BEGIN

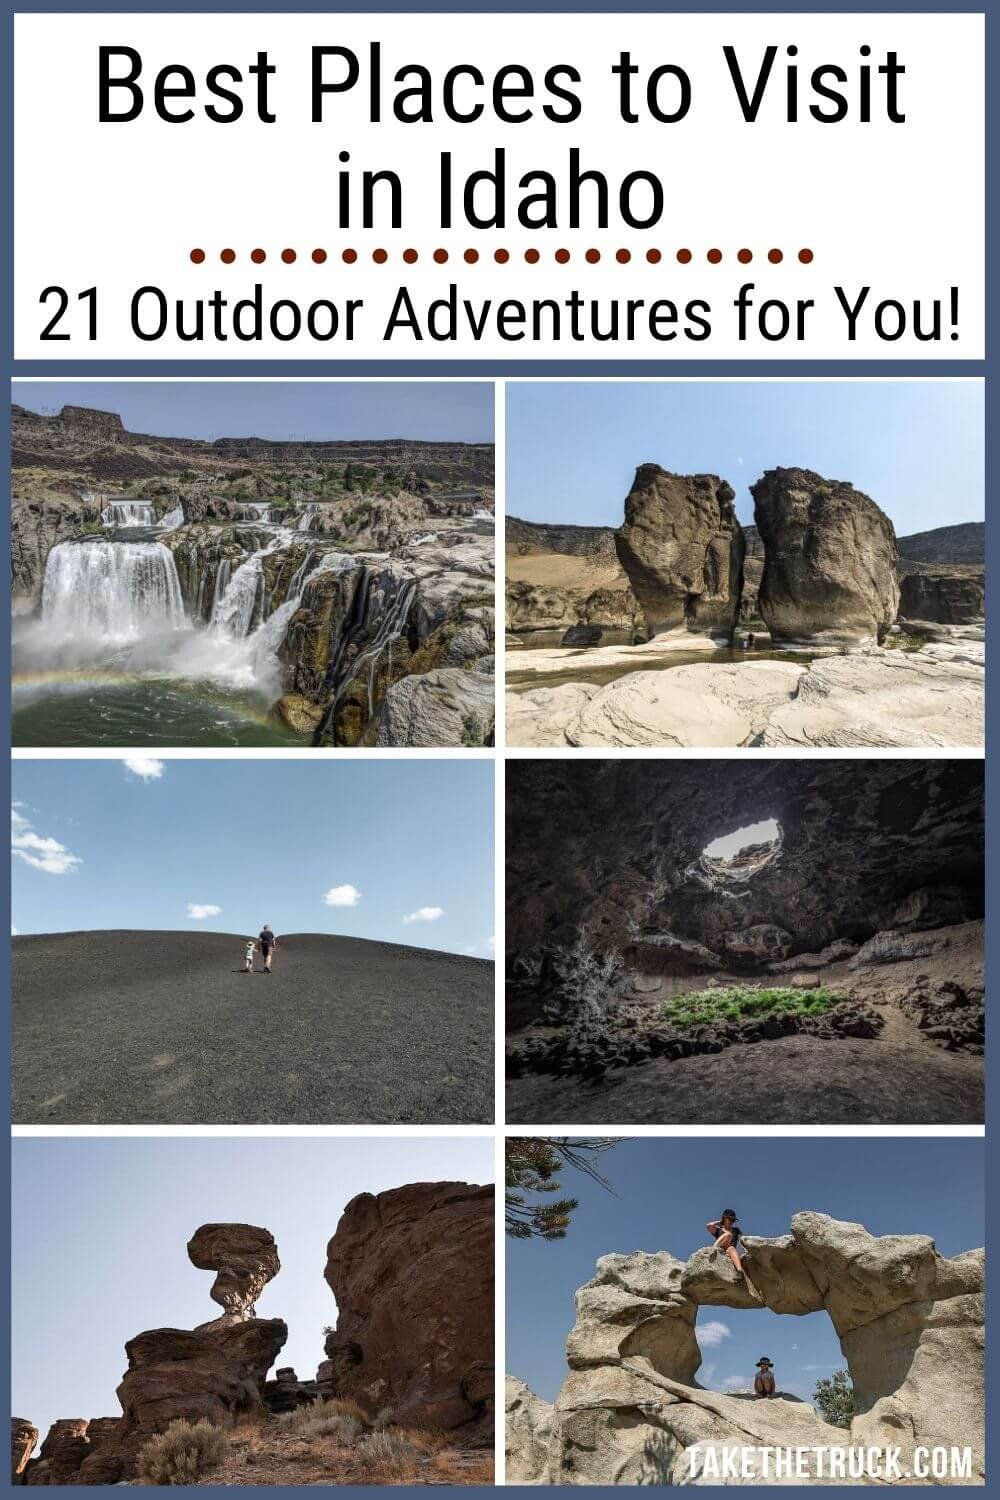 Doing some Idaho travel or an Idaho road trip? This post can help you find the top things to see in Idaho and the best things to do in Idaho - both northern Idaho and southern Idaho.
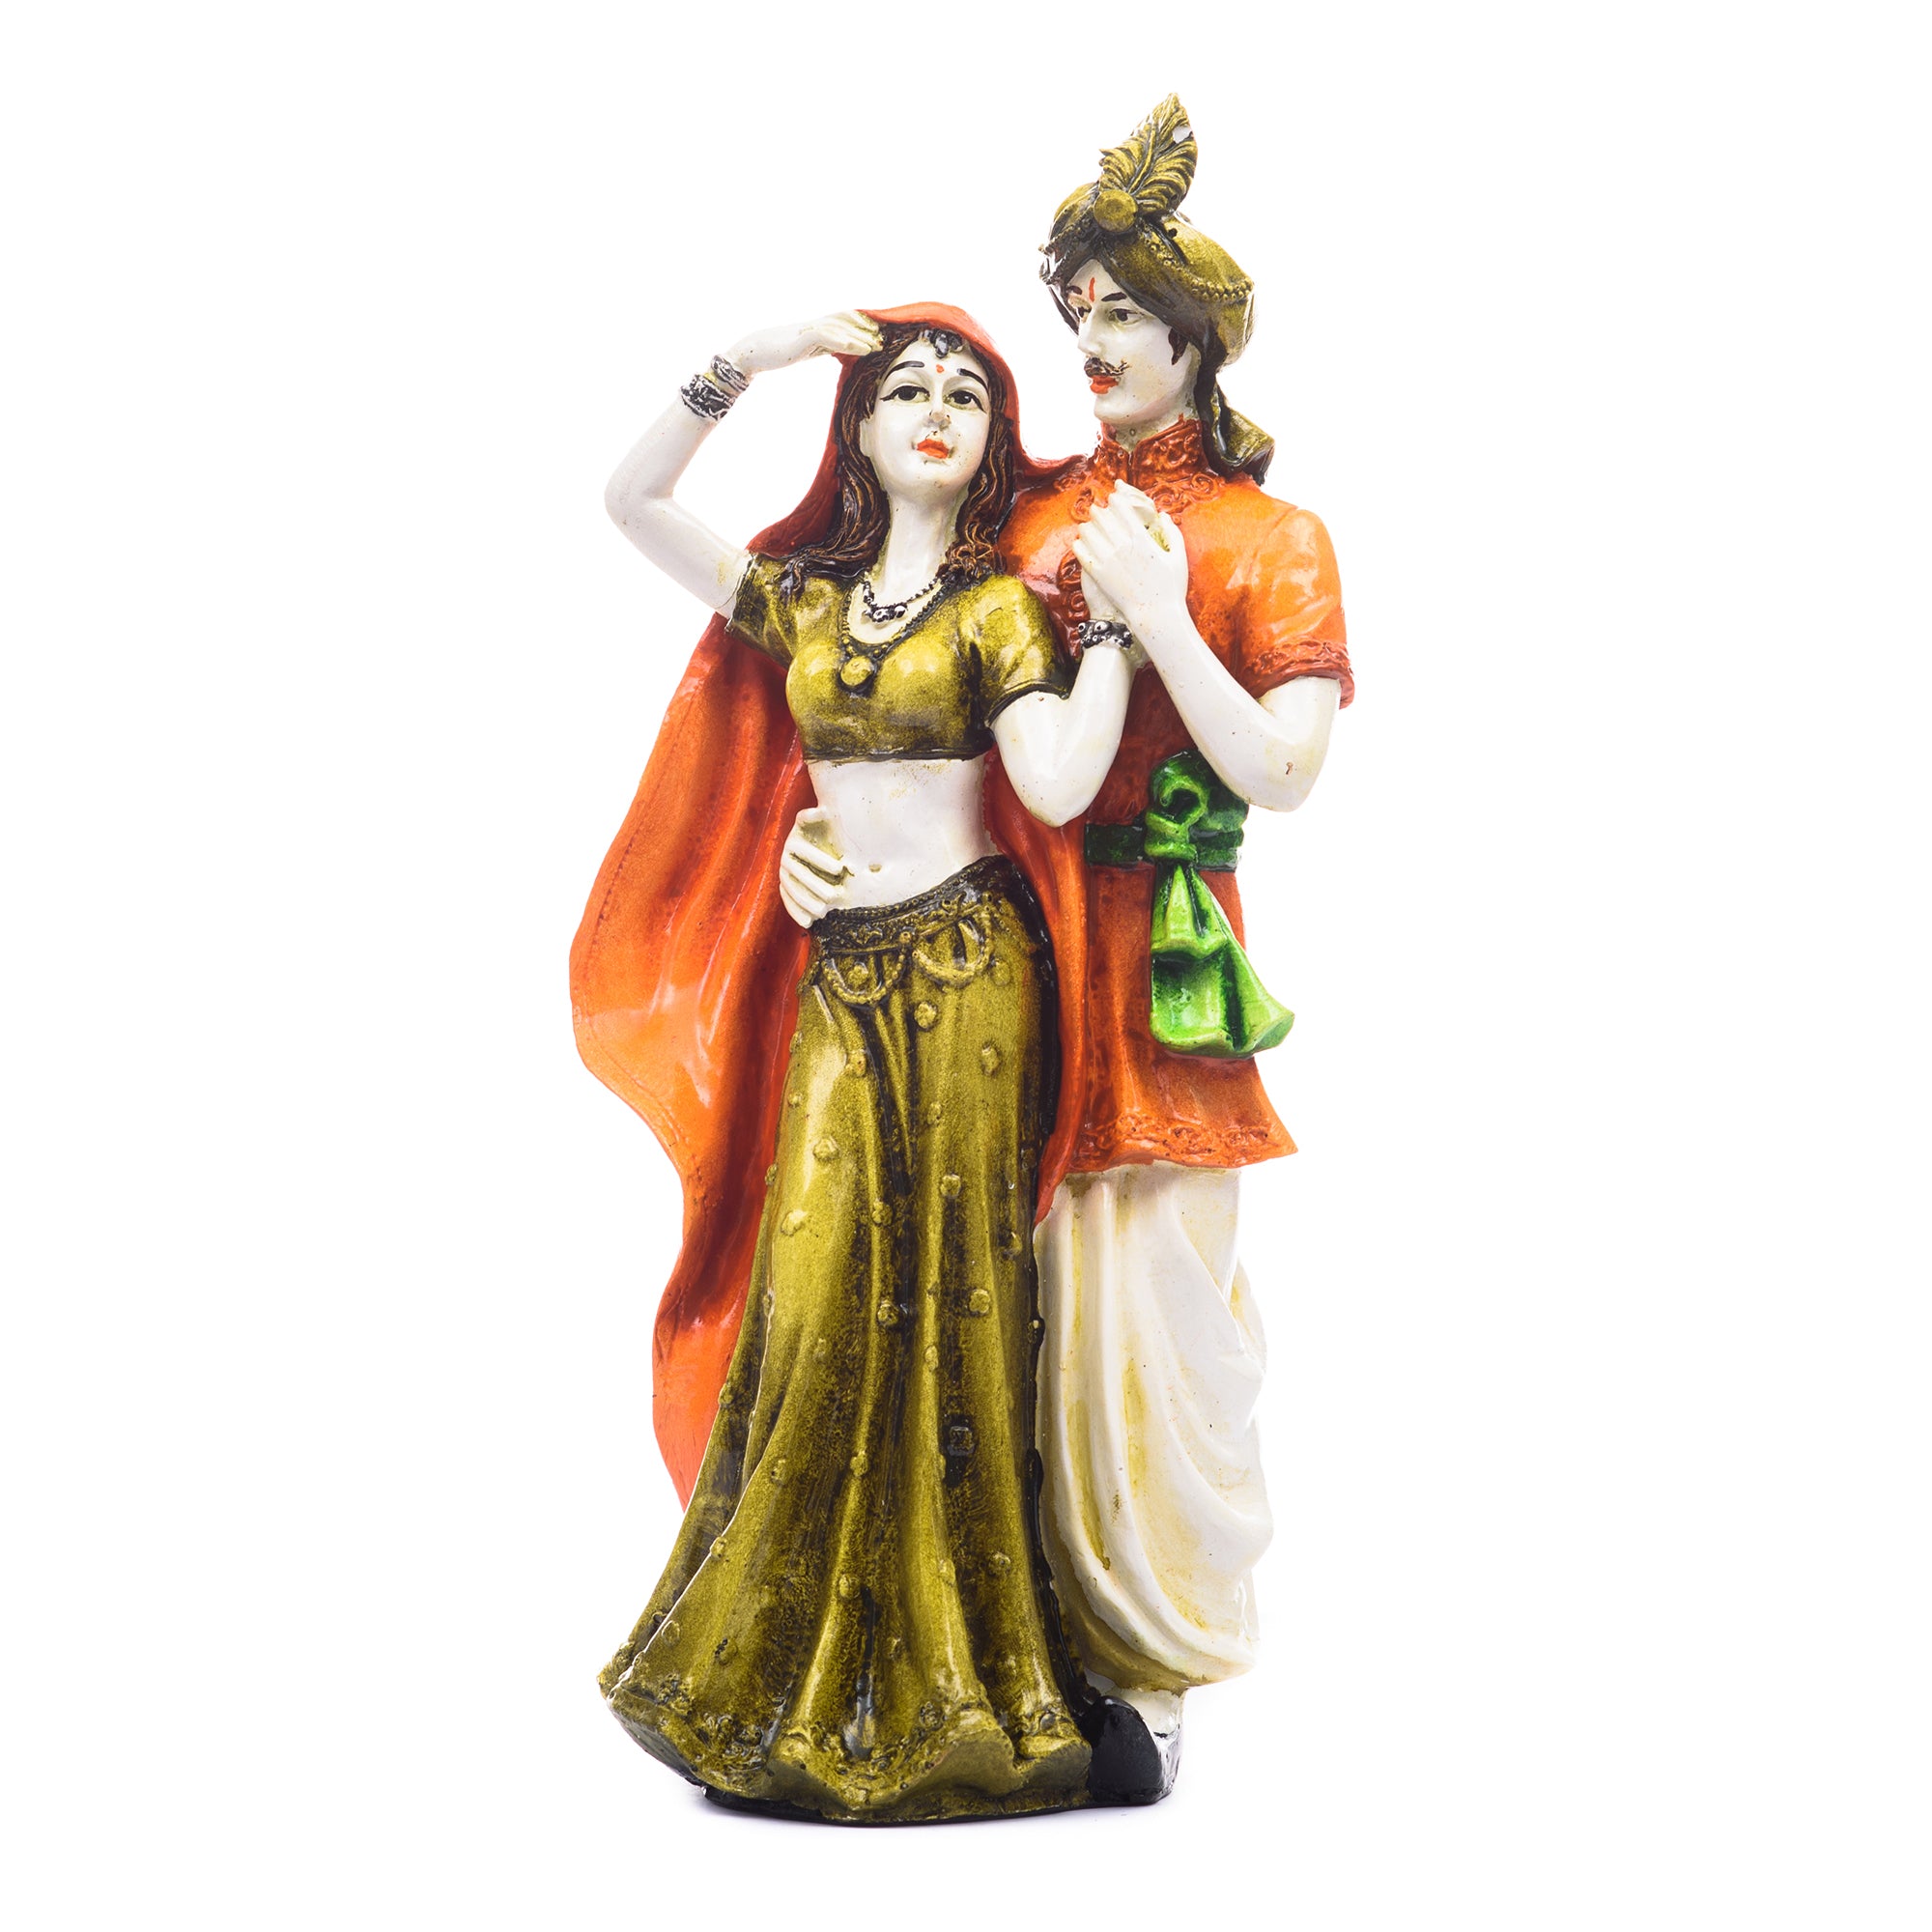 Polyresin Rajasthani Man And Women Statue Handcrafted Human Figurines Decorative Showpiece
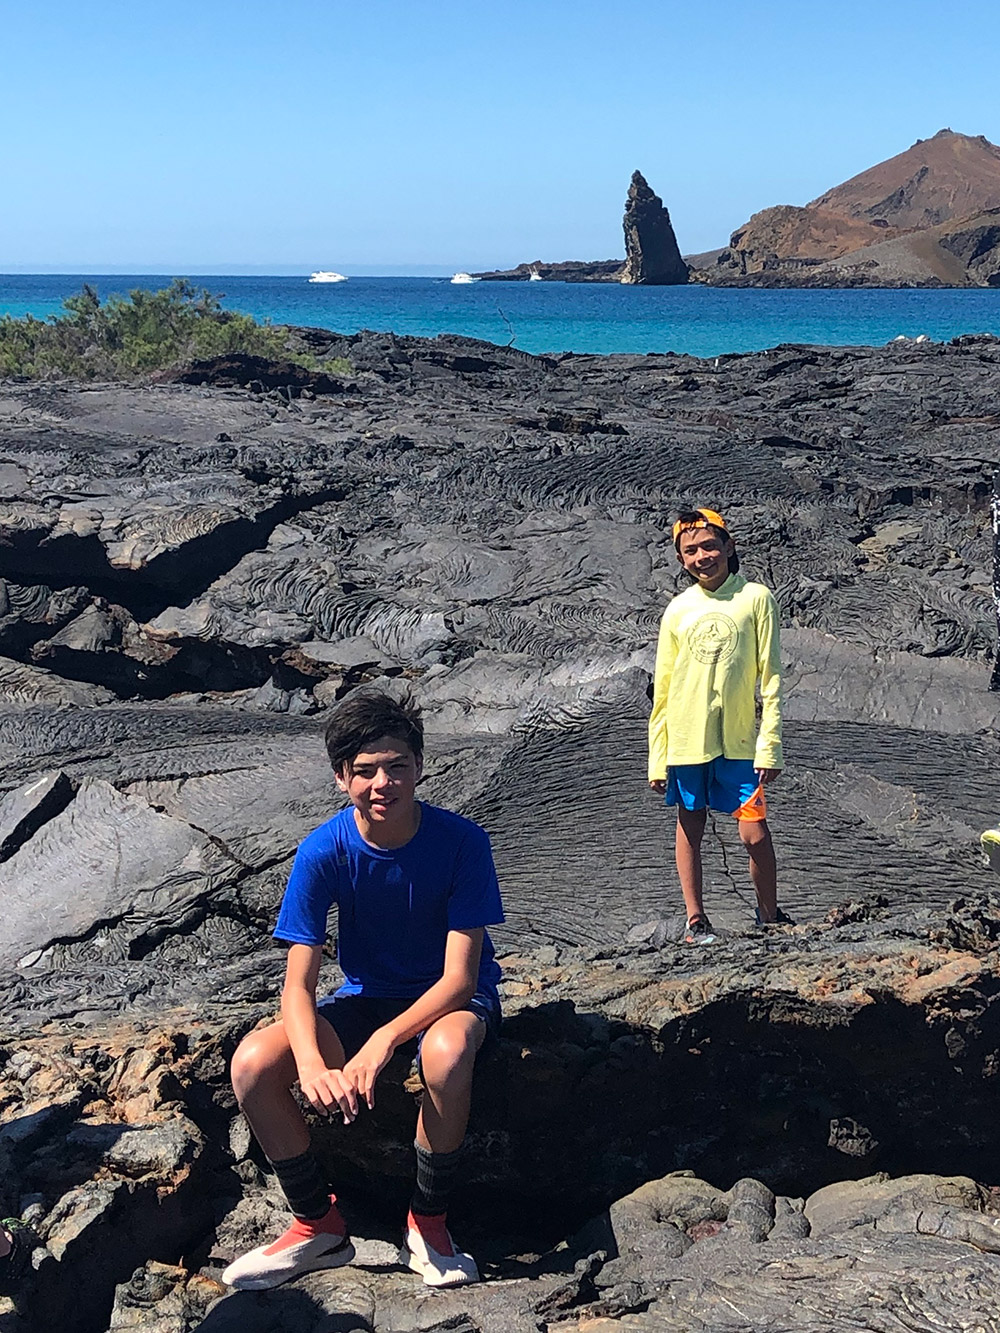 Oliver and his big brother Sebastien go for a hike on Santa Cruz Island, which was full of black rocks. July, 2019
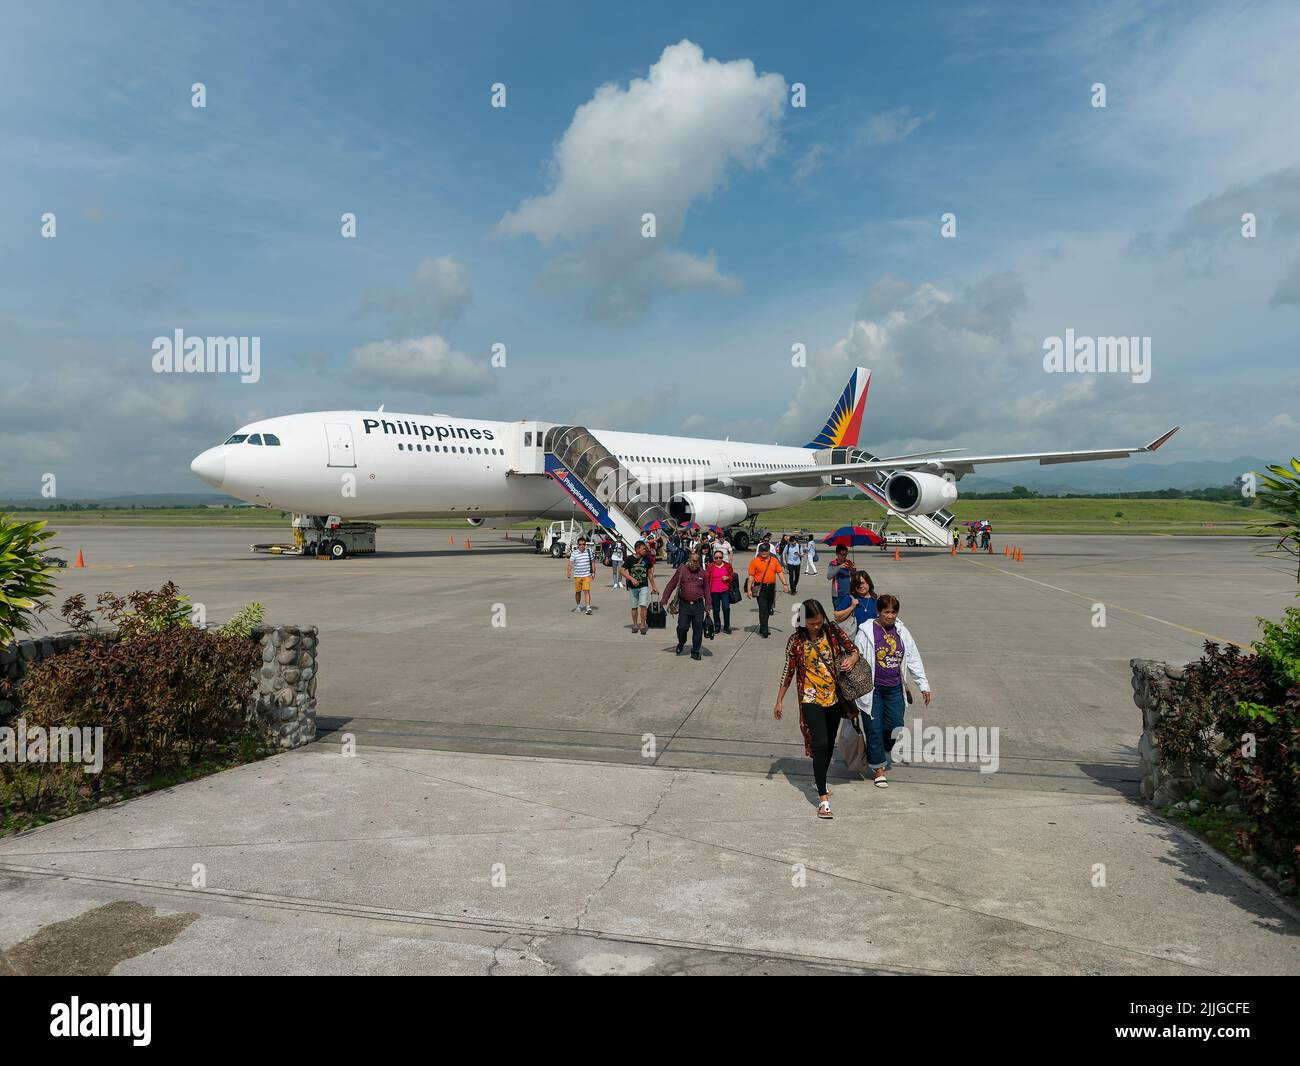 Philippine Airlines Airbus A340 after arrival at General Santos International Airport in South Cotabato on Mindanao, the southernmost major island of Stock Photo

END

- **Required action**:
When you write out the data, keep every line exact and drop the pictures.

- **Task answer**:
 Doing some Idaho travel or an Idaho road trip? This post can help you find the top things to see in Idaho and the best things to do in Idaho - both northern Idaho and southern Idaho.
 Polyresin Rajasthani Man And Women Statue Handcrafted Human Figurines Decorative Showpiece
 Oliver and his big brother Sebastien go for a hike on Santa Cruz Island, which was full of black rocks. July, 2019
 Philippine Airlines Airbus A340 after arrival at General Santos International Airport in South Cotabato on Mindanao, the southernmost major island of Stock Photo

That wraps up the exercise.